+++ Input +++

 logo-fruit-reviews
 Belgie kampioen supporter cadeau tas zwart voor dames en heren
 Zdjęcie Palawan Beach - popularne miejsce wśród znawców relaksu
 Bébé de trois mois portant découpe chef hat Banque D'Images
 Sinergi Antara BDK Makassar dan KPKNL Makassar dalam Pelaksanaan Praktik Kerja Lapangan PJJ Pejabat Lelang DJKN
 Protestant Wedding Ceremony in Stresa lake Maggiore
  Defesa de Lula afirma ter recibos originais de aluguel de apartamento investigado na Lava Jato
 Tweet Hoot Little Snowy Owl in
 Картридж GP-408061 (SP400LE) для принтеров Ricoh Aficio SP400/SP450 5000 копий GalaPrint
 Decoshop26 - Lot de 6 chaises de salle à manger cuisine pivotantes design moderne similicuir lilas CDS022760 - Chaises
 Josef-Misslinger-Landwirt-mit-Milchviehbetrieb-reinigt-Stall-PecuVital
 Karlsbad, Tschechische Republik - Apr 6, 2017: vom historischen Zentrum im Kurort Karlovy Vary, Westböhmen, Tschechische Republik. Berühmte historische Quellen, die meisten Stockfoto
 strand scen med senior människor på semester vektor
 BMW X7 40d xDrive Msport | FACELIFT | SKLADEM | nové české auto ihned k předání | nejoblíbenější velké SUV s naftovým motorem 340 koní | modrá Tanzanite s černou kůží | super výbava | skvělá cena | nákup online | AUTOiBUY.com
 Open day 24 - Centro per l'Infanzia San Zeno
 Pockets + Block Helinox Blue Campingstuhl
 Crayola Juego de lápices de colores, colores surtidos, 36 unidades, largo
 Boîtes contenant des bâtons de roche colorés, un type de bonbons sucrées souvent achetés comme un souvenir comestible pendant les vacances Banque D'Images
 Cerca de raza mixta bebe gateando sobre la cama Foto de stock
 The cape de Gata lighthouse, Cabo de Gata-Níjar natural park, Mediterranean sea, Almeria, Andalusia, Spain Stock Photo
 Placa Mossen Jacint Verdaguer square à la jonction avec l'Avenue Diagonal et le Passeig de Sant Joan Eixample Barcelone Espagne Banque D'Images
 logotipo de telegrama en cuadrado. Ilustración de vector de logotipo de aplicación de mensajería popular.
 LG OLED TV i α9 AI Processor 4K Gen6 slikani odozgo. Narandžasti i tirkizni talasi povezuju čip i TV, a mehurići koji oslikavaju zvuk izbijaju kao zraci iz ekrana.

+++

In full and without alteration, transcribe the entries above.

 logo-fruit-reviews
 Belgie kampioen supporter cadeau tas zwart voor dames en heren
 Zdjęcie Palawan Beach - popularne miejsce wśród znawców relaksu
 Bébé de trois mois portant découpe chef hat Banque D'Images
 Sinergi Antara BDK Makassar dan KPKNL Makassar dalam Pelaksanaan Praktik Kerja Lapangan PJJ Pejabat Lelang DJKN
 Protestant Wedding Ceremony in Stresa lake Maggiore
  Defesa de Lula afirma ter recibos originais de aluguel de apartamento investigado na Lava Jato
 Tweet Hoot Little Snowy Owl in
 Картридж GP-408061 (SP400LE) для принтеров Ricoh Aficio SP400/SP450 5000 копий GalaPrint
 Decoshop26 - Lot de 6 chaises de salle à manger cuisine pivotantes design moderne similicuir lilas CDS022760 - Chaises
 Josef-Misslinger-Landwirt-mit-Milchviehbetrieb-reinigt-Stall-PecuVital
 Karlsbad, Tschechische Republik - Apr 6, 2017: vom historischen Zentrum im Kurort Karlovy Vary, Westböhmen, Tschechische Republik. Berühmte historische Quellen, die meisten Stockfoto
 strand scen med senior människor på semester vektor
 BMW X7 40d xDrive Msport | FACELIFT | SKLADEM | nové české auto ihned k předání | nejoblíbenější velké SUV s naftovým motorem 340 koní | modrá Tanzanite s černou kůží | super výbava | skvělá cena | nákup online | AUTOiBUY.com
 Open day 24 - Centro per l'Infanzia San Zeno
 Pockets + Block Helinox Blue Campingstuhl
 Crayola Juego de lápices de colores, colores surtidos, 36 unidades, largo
 Boîtes contenant des bâtons de roche colorés, un type de bonbons sucrées souvent achetés comme un souvenir comestible pendant les vacances Banque D'Images
 Cerca de raza mixta bebe gateando sobre la cama Foto de stock
 The cape de Gata lighthouse, Cabo de Gata-Níjar natural park, Mediterranean sea, Almeria, Andalusia, Spain Stock Photo
 Placa Mossen Jacint Verdaguer square à la jonction avec l'Avenue Diagonal et le Passeig de Sant Joan Eixample Barcelone Espagne Banque D'Images
 logotipo de telegrama en cuadrado. Ilustración de vector de logotipo de aplicación de mensajería popular.
 LG OLED TV i α9 AI Processor 4K Gen6 slikani odozgo. Narandžasti i tirkizni talasi povezuju čip i TV, a mehurići koji oslikavaju zvuk izbijaju kao zraci iz ekrana.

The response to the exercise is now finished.